Beans and Greens Tacos with Goat Cheese

Ingredients:

3T extra virgin olive oil
2 red onions, sliced into 1/4-inch thick rounds
5 garlic cloves, thinly sliced
1 pound swiss chard, stems and ribs removed, leaves washed well, and coarsely chopped
1 cup canned cannellini beans, drained and rinsed (I used a full can)
1/2 c veggie stock
salt and pepper
corn tortillas
1/3 c soft goat cheese, crumbled (I used cotija cheese)
cilantro sprigs

Directions:

Heat oil in a large high-sided skillet over medium heat. Cook onions until soft, about 6 minutes. Add garlic, and cook for 1 minute. Stir in chard, beans, and stock. Cook until greens are wilted and beans are warmed throug, aboiut 4 minutes. Season with salt and pepper.

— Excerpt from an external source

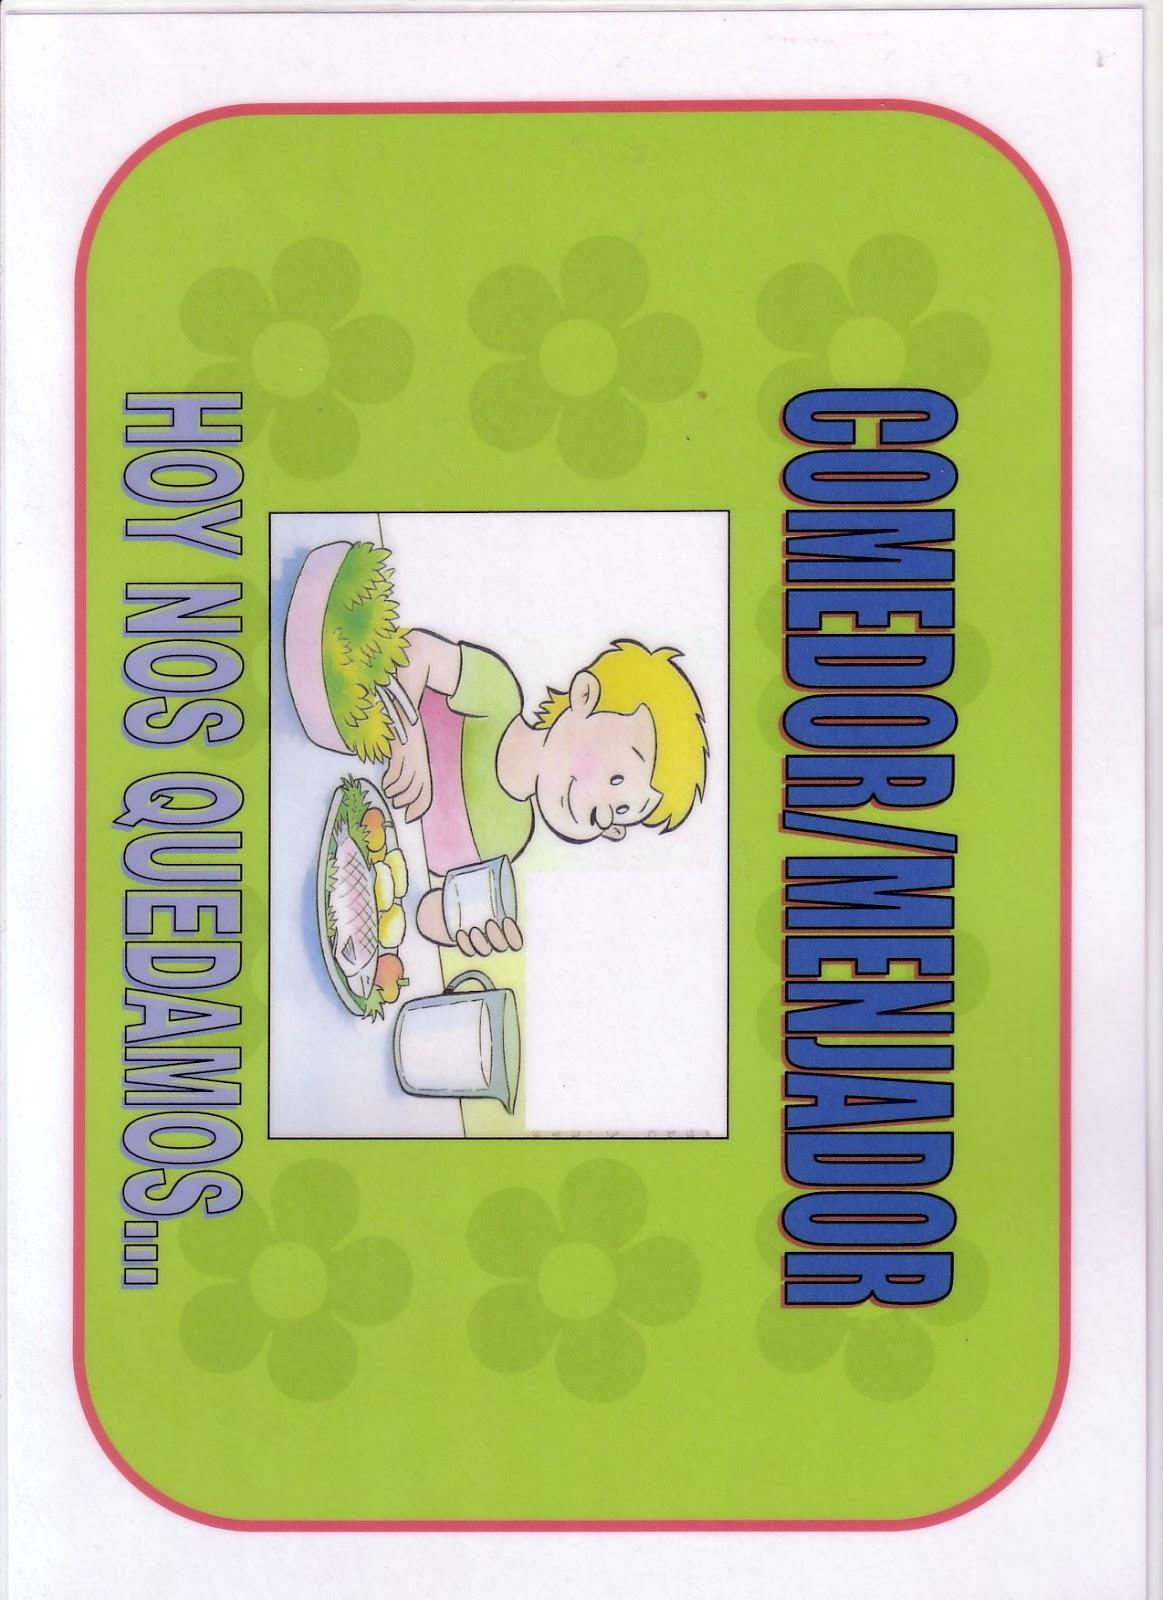 El mundo de la educaci n infantil carteles comedor for Cartel comedor infantil

Heat tortillas. Spoon filling into tortillas and top with cheese and cilantro.

Martha Stewart Living, May 2011

Veggie Tacos

Ingredients:

2 T olive oil
3/4 pounds zucchini, trimmed and diced
3 scallions, trimmed and diced
2 t chili powder
1/4 t ground cumin
1/4 t dried oregano
1/4 t salt
1/4 t pepper
1 can (14/5 ounces) pinto beans, drained and rinsed
1 can (8 3/4 ounces) corn, drained and rinsed
2 c baby spinach, chopped
3/4 c salsa verde
1 package hard taco shells
2/3 c crumbled cotija cheese (or queso blanco)
lime wedges

Directions:

1. Heat oil in large nonstick skillet over medium to medium-high heat. Add zucchini and scallions and cook 5 minutes. Add chili powder, cumin, oregano, salt, and pepper. Cook 1 minute.

2. Stir in beans, corn, spinach, and salsa. Cook 3-4 minutes or until spinach is wilted.

3. Meanwhile, heat taco shells per package instructions. Spoon about 1/3 cub veggie mixture into taco shell and sprinkle with a little cheese. Add a squeeze of lime and serve.